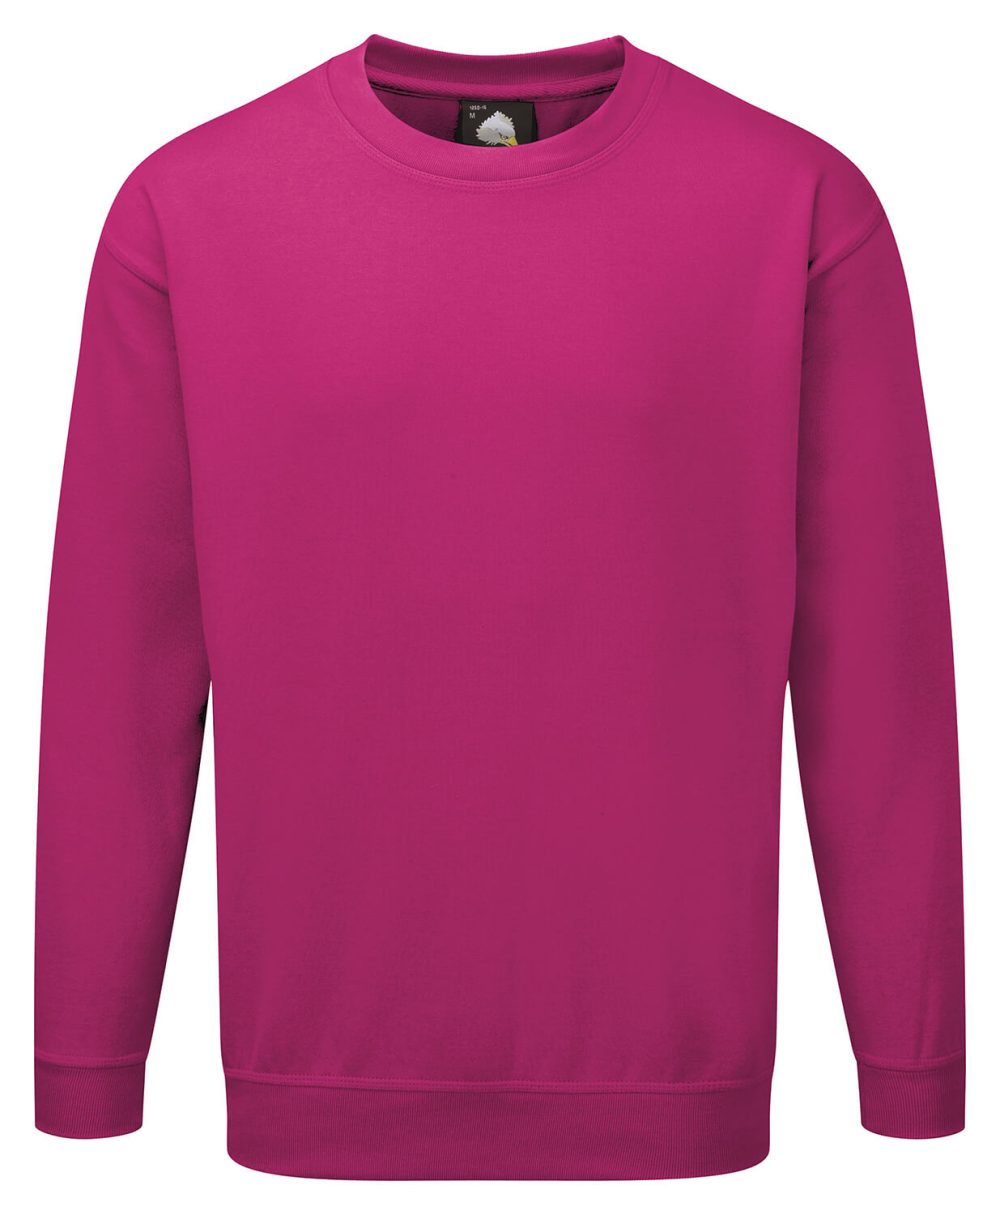 Kite Sweatshirt Pink
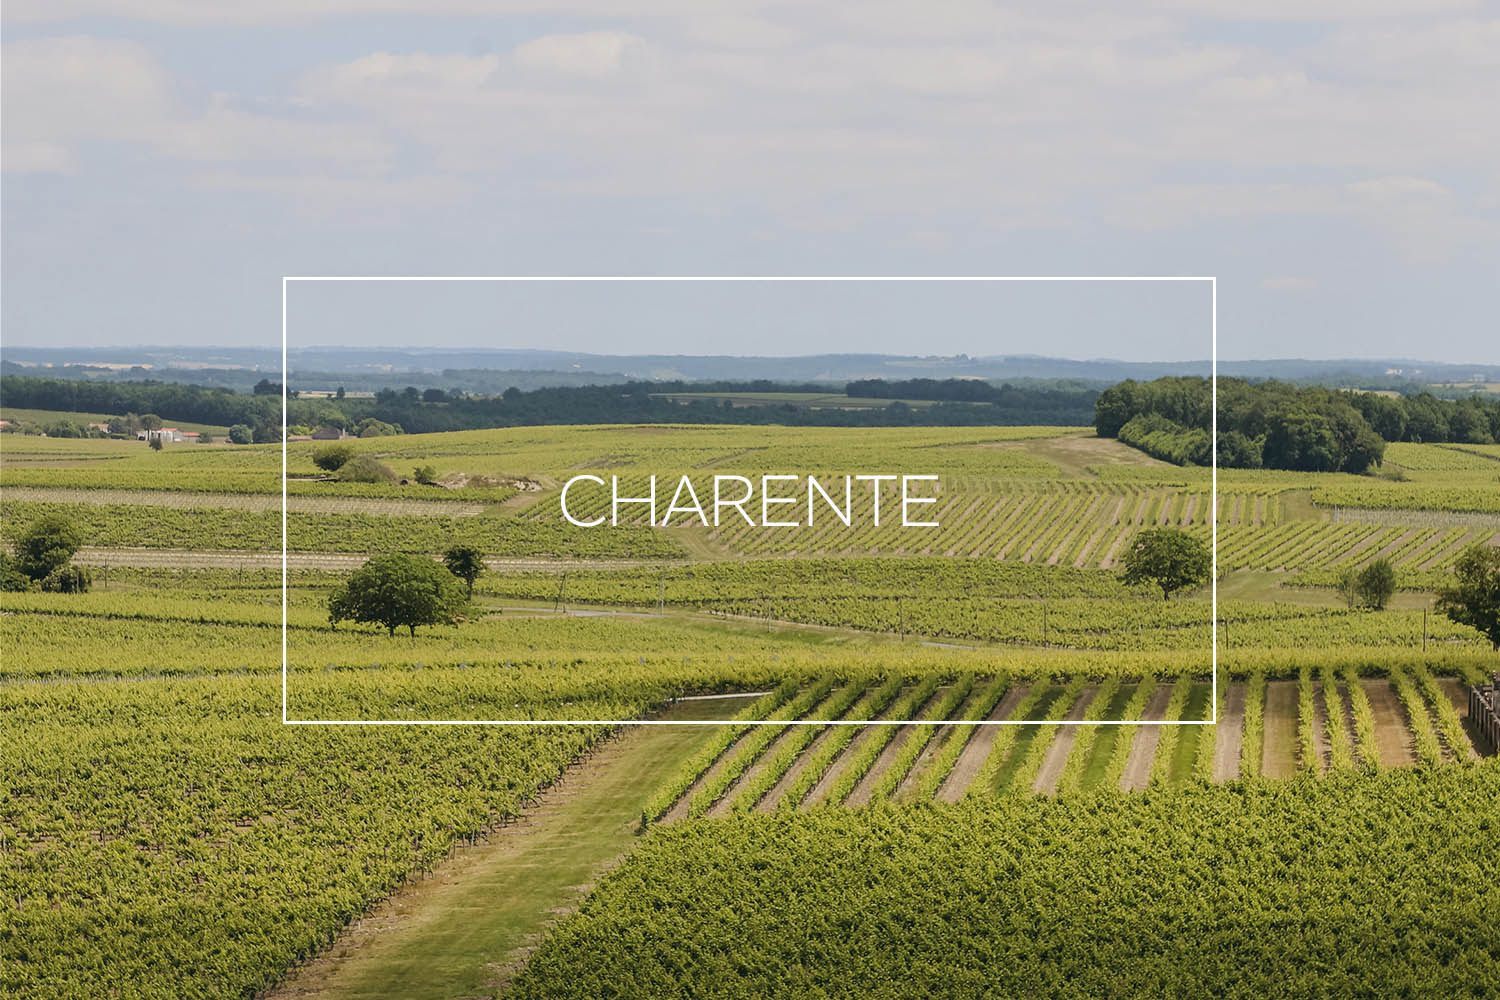 Visite Charente
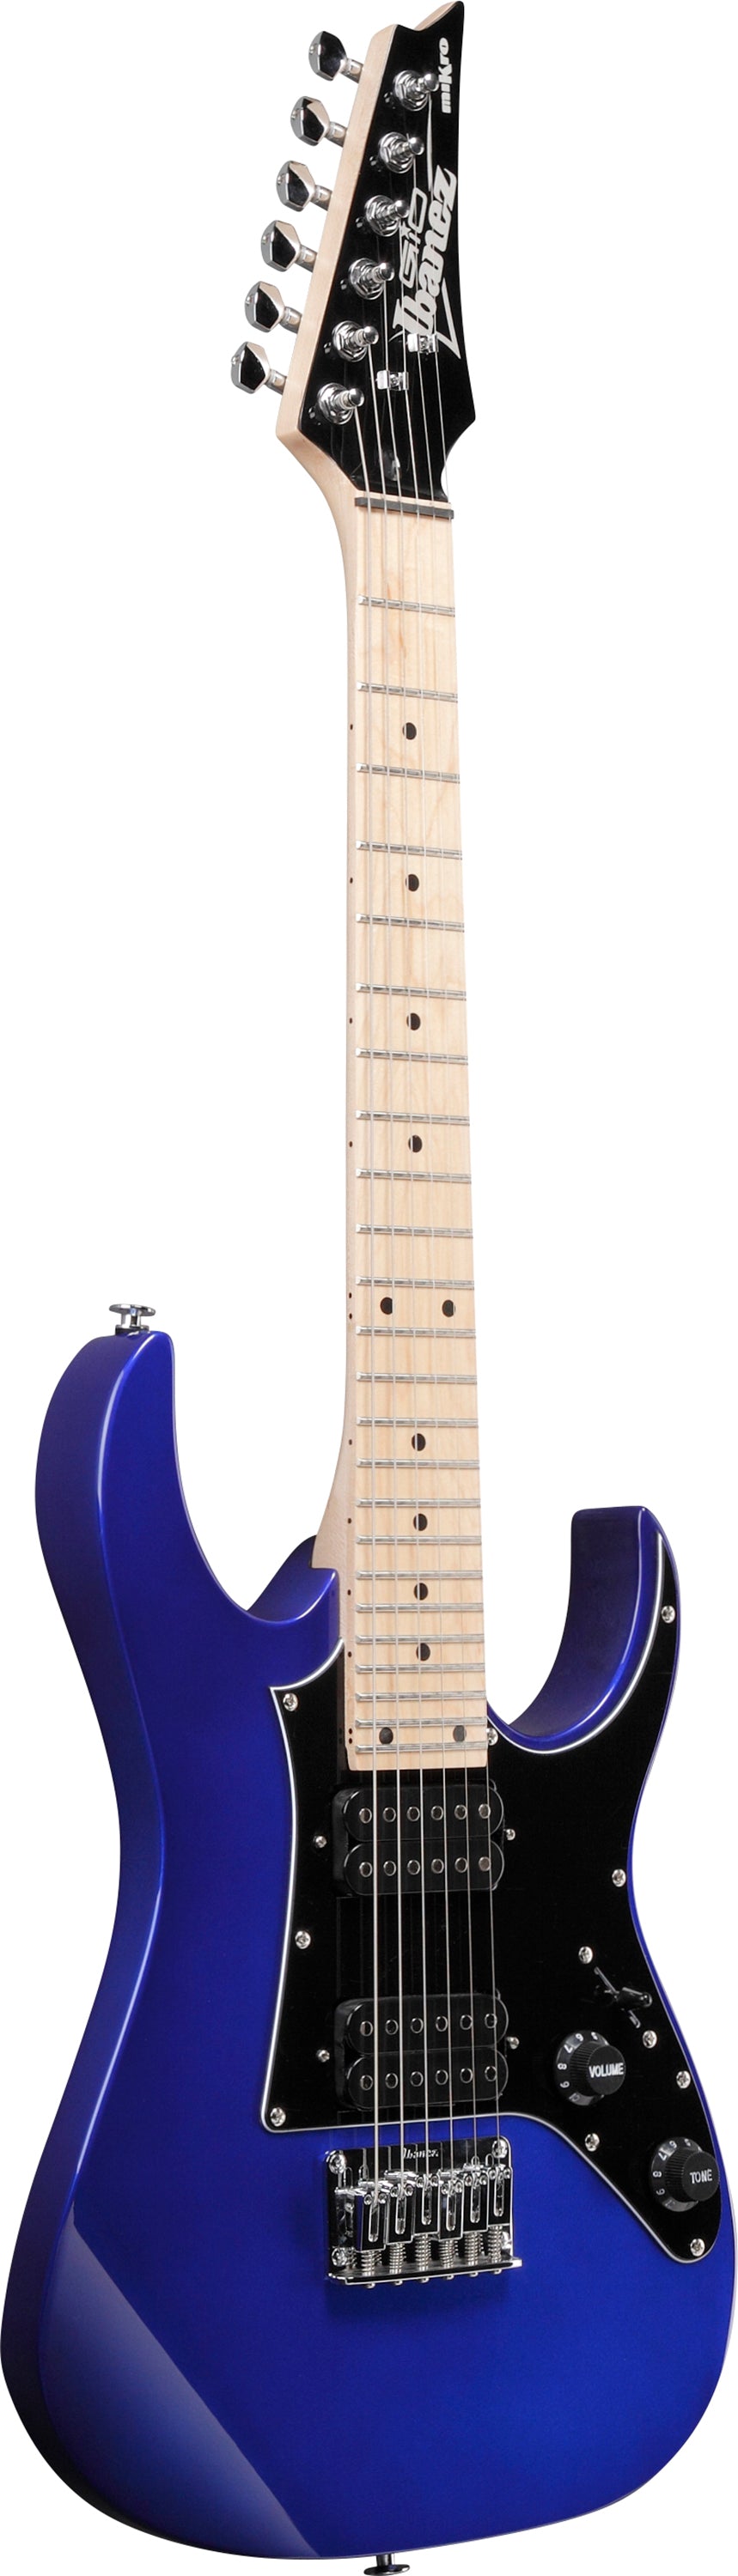 Ibanez GRGM21 Miko Electric Guitar (Jewel Blue)

◆ Task details: The material above must be set down word for word, with no picture carried over.

◆ Result of the exercise:
 Kite Sweatshirt Pink
 Visite Charente
 Ibanez GRGM21 Miko Electric Guitar (Jewel Blue)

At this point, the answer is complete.